Program Generation from Diverse Video Demonstrations

Anthony Manchin (University of Adelaide),* Jamie Sherrah (AIML), Qi Wu (University of Adelaide), Anton van den Hengel (University of Adelaide)
The 33rd British Machine Vision Conference


The ability to use inductive reasoning to extract general rules from multiple observations is a vital indicator of intelligence. As humans, we use this ability to not only interpret the world around us, but also to predict the outcomes of the various interactions we experience. Generalising over multiple observations is a task that has historically presented difficulties for machines to grasp, especially when requiring computer vision. In this paper, we propose a model that can extract general rules from video demonstrations by simultaneously performing summarisation and translation.
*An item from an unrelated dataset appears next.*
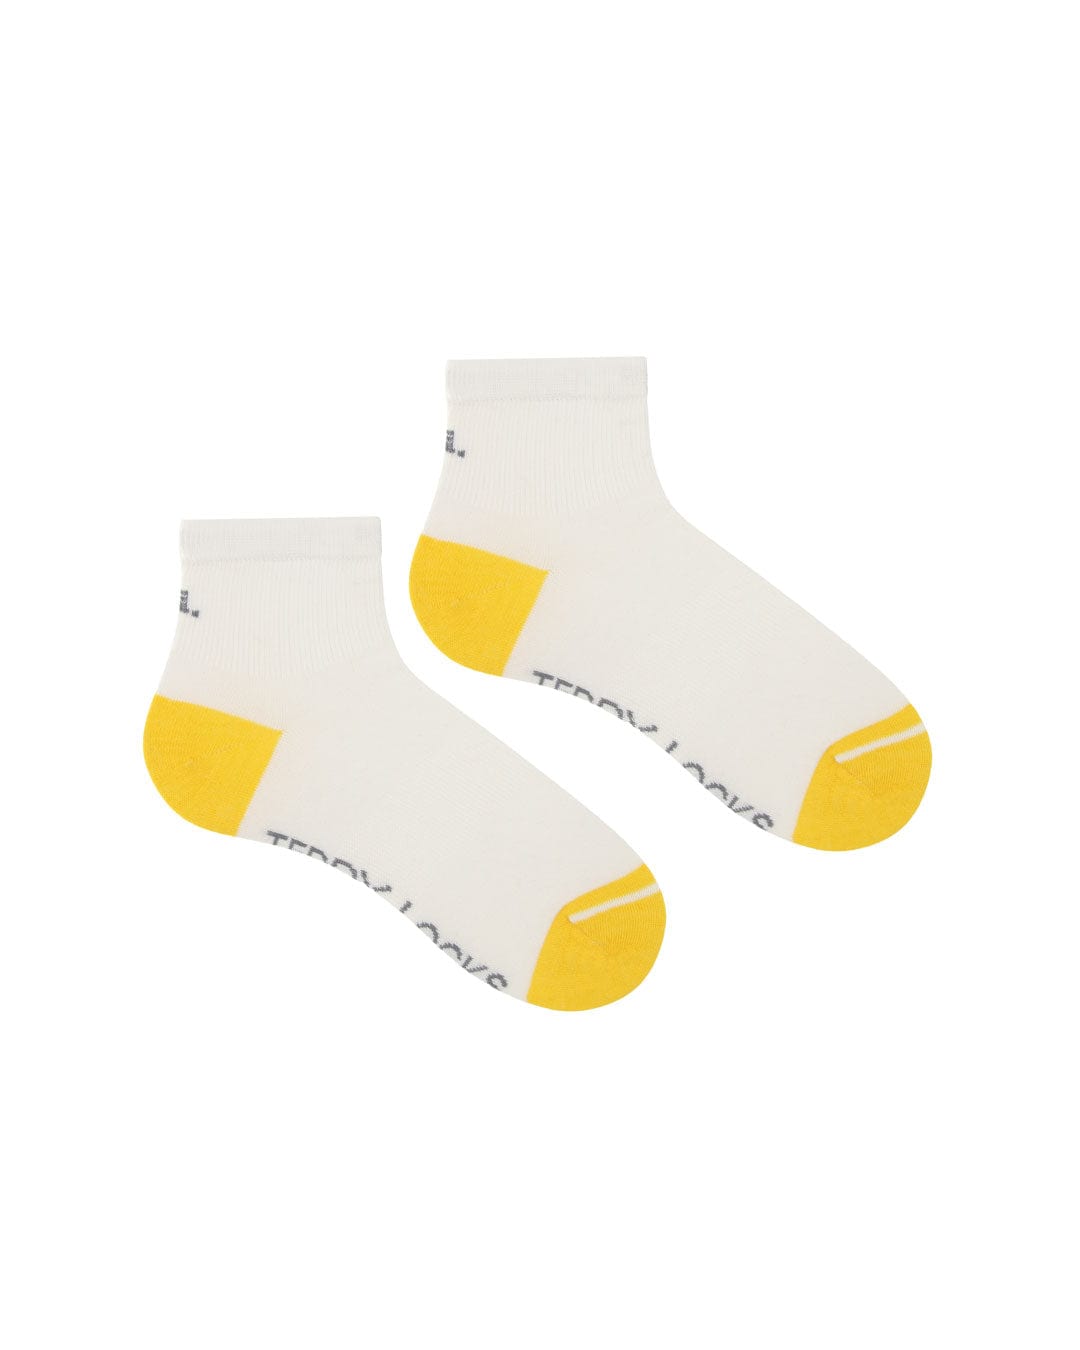 Ecofriendly white quarter length socks. Sustainable mens socks designed in the UK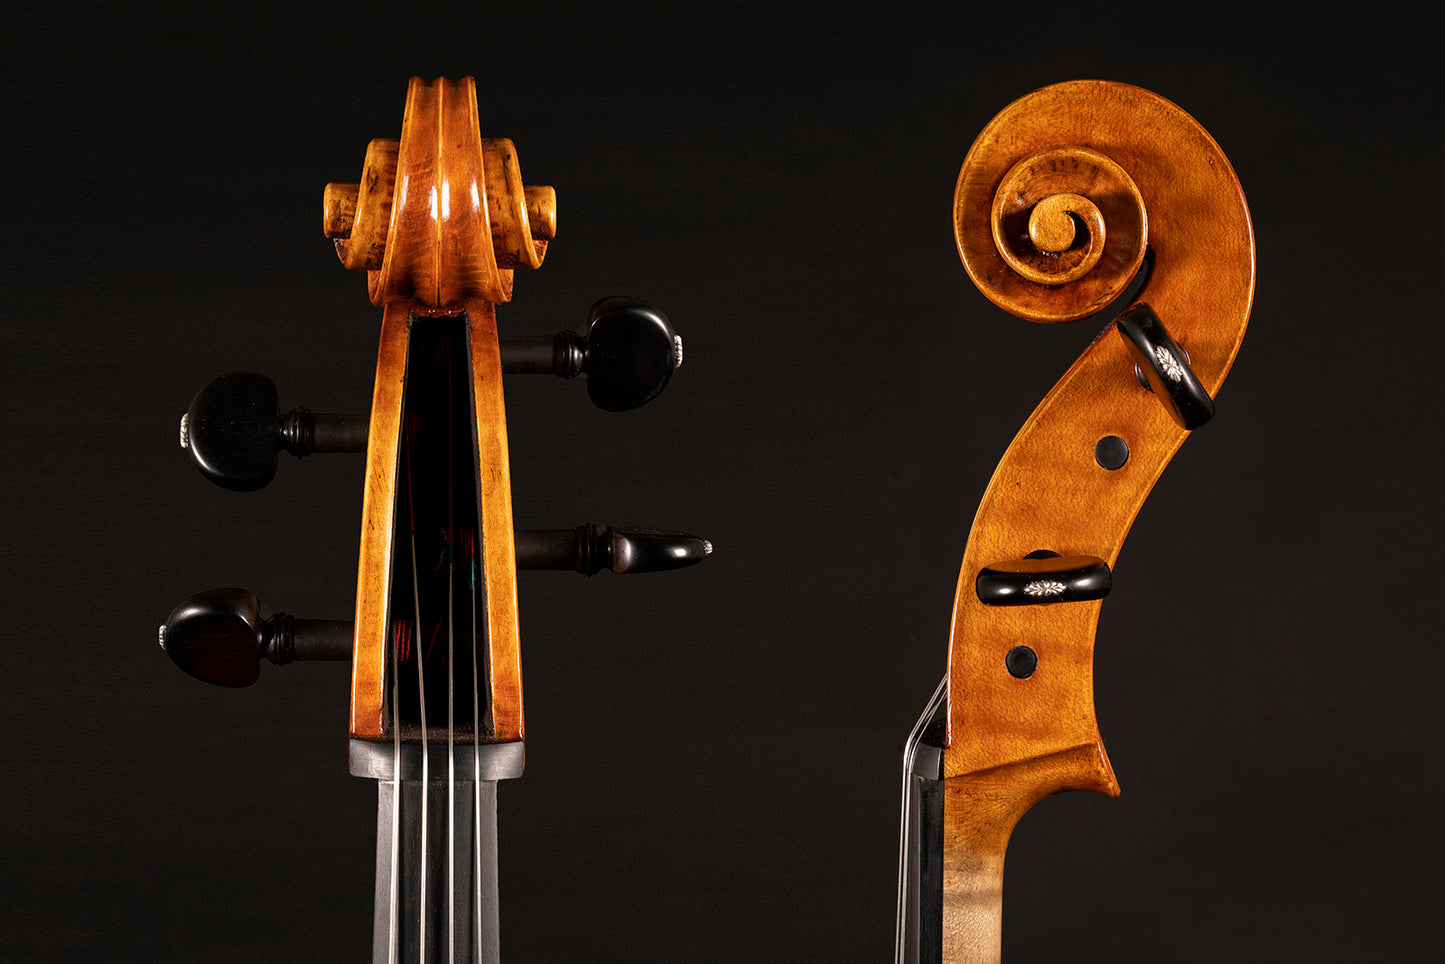 Vettori Paolo Cello Mod. Jb Guadagnini "David" Firenze 2020

Our approach differs from prior works by framing the problem as a multi-sequence-to-sequence task, wherein summarisation is learnt by the model. This allows our model to utilise edge cases that would otherwise be suppressed or discarded by traditional summarisation techniques. Additionally, we show that our approach can handle noisy specifications without the need for additional filtering methods. We evaluate our model by synthesising programs from video demonstrations in the Vizdoom environment achieving state-of-the-art results with a relative increase of 11.75% program accuracy on prior works.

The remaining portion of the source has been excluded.